В ту зиму, когда я последний раз видел бабушку, ещё нетронутыми лежали к болоту и до железной дороги все нижние улицы, ещё не убита была деревенская простота. И когда матушка уезжала, тоже ещё не истратилось наше привычное кривощёковское обличье. Странная висела ночь над родным пепелищем. Не ёрзали вниз к станции трамваи, дальние поезда не постукивали на высокой насыпи, улица Станиславского вымерла, все спят забытые мною на столько лет, все у себя дома, а я в том углу, где бегал мальчиком и гулял на каникулах с товарищами, ступаю гостем. Вот уже показались трубы у Банниковых и напротив у Шальневых, за шальневской крышей чуть поднимается наша. Но там нас с матерью нет, и идти мне некуда, потому что на улице Озёрной нет ни Банниковых, ни Шальневых, ни дальше Малетиных, Поступинских, Минтюковых, Бутюгиных, Заварзиных. И вот наши окна: одно на улицу и два во двор. Но и на улицу теперь два окна; уже после моего отъезда матушка продала половину, в которой я вырос, купила через три дома целый, с большим огородом, туда я и приезжал на каникулы, и из дома этого она отправилась ко мне на юг навсегда. Как мне поверить теперь в то, что я когда-то жил на улице Озёрной в доме поблизости с трамвайной линией? Чует ли мать, что я в три часа ночи подошёл к воротам как блудный сын и выкликаю сам себя и всё-всё, что было здесь? Только звёзды нежалостливо мерцали надо мной. Они так же всходили при отце и в том октябре, когда принесли похоронку и когда я вскакивал и выбегал во двор последний раз, и так же отрешённо взошли они над нашим огородом, осиротевшим без хозяйки и уже спавшей вдали в вагоне поезда дальнего следования…

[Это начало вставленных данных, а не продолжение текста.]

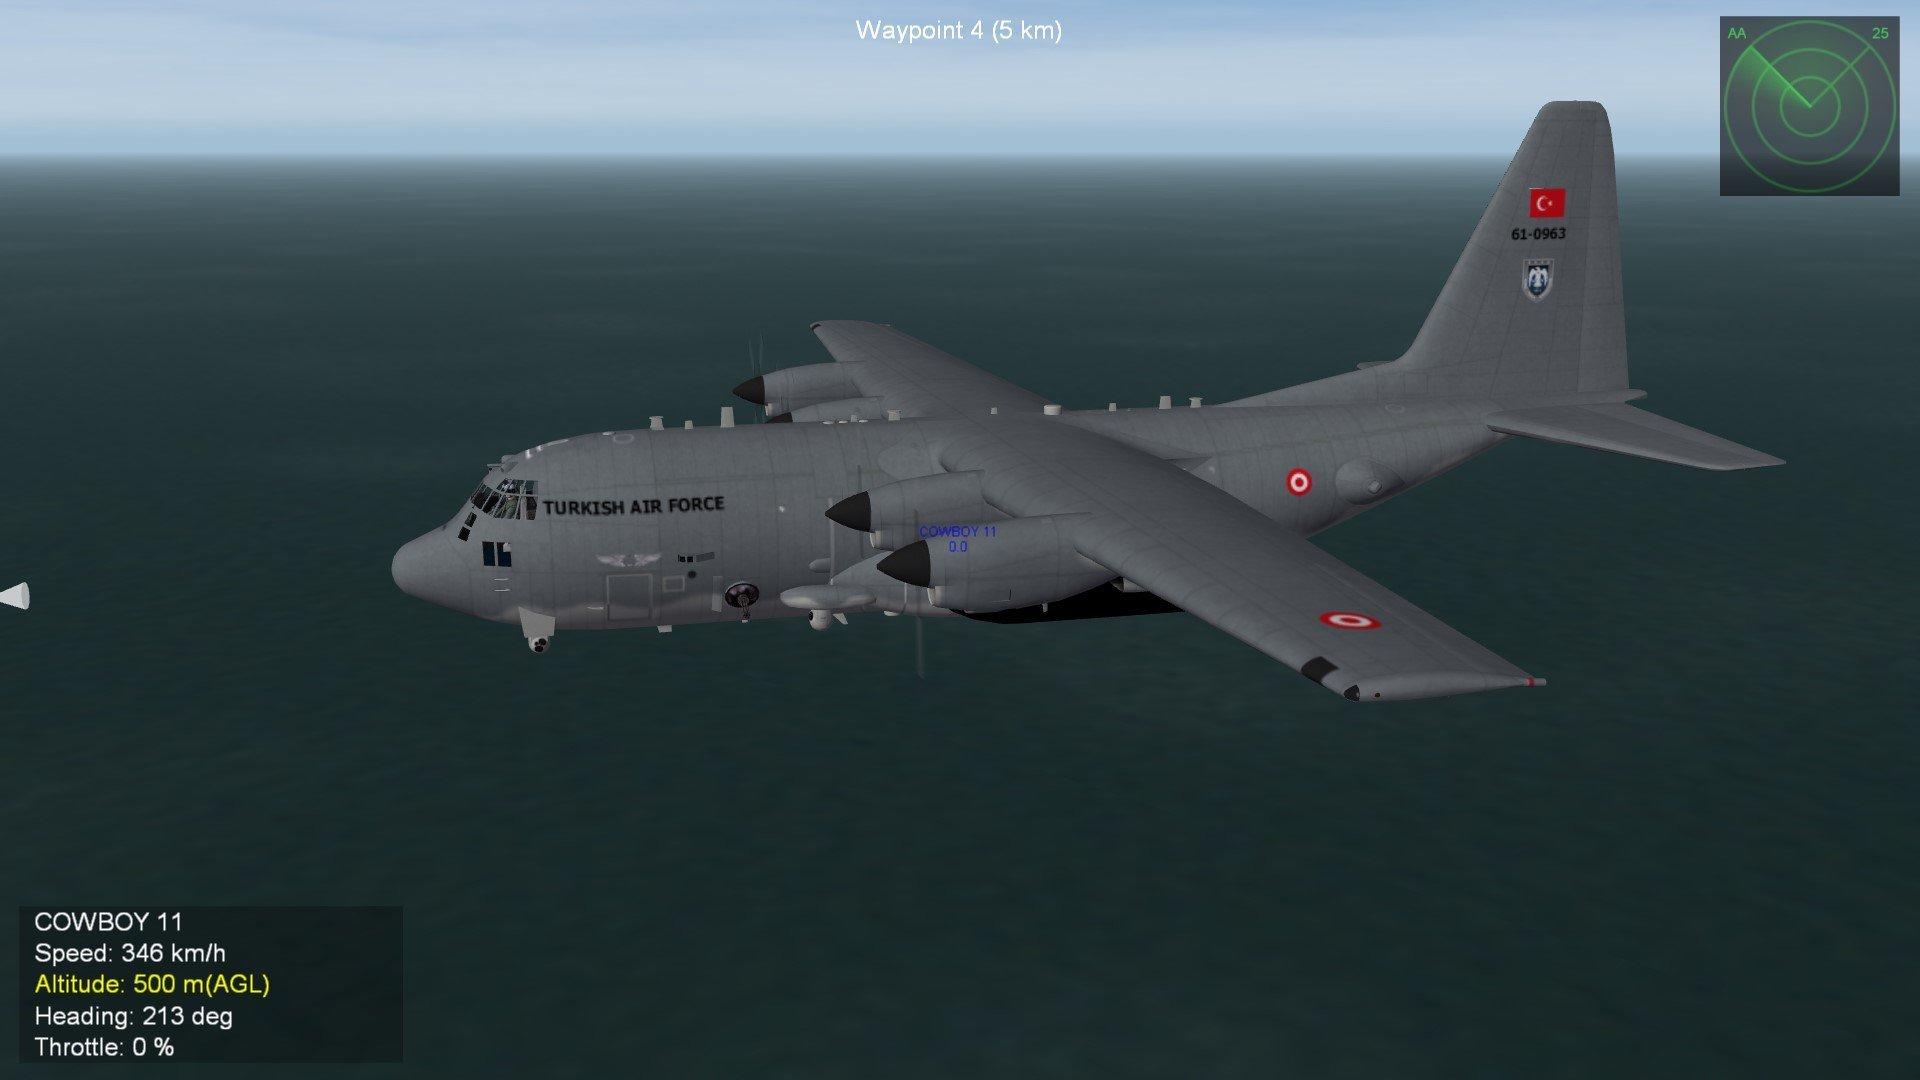 Turkish Air Force AC-130U Spooky

Вот, мам, я стою у нашего дома без тебя. Почему ты прошлый раз прошла мимо и не попросилась пустить во двор? Не хотела расстраиваться?
В самом деле, почему мы не зашли тогда и в другой дом, не поглядели, как это бывает, со вздохом на свои углы и тотчас не вспомнили всю жизнь разом? Три часа утра, все спят, ни одна собака не залаяла на меня. На минуту забываюсь, и мне кажется, в знакомых избах спят так же, как в мои юные годы, Банниковы, Шальневы, Шишкины, Поступинские, а за нашими окнами спим мы с тобой: я напротив печки, у входа, а ты на своей постели в комнатке другой, с окном на улицу. Где я? куда делся? чего так легко простился в двадцать лет с родным крыльцом? Я даже не знаю, кто там топчется теперь в наших комнатах и цела ли моя любимая печка? Но я-то так и останусь до конца своих дней на покосившемся крыльце и возле зеркала и портрета отца на стене. И всё повторяю, когда задумываюсь о расставании: уезжал – тебе было сорок три года, крёстной моей в Топках – тридцать шесть, а бабушке Анастасии меньше, чем сейчас мне. Никто из озёрских и представить не мог, что скрывшийся вдалеке Танин сын появится в Кривощёкове на десять-двенадцать дней, пройдёт ночью по улице и всех вспомнит, всех пожалеет. Долго озёрские спрашивали у Шальневых, получавших письма из Пересыпи: «Что пишет Таня? Жива-здорова?» А потом уже некому стало передавать новость, что Татьяна Андреевна умерла на восемьдесят седьмом году и похоронена в Тамани, – всех уже отнесли на Клещиху, одна Фаина Ивановна (помоложе меня) проходит каждый божий день мимо застарелых дворов. Постучать по-старозаветному не к кому. Ровесники мои где-то в казённых домах.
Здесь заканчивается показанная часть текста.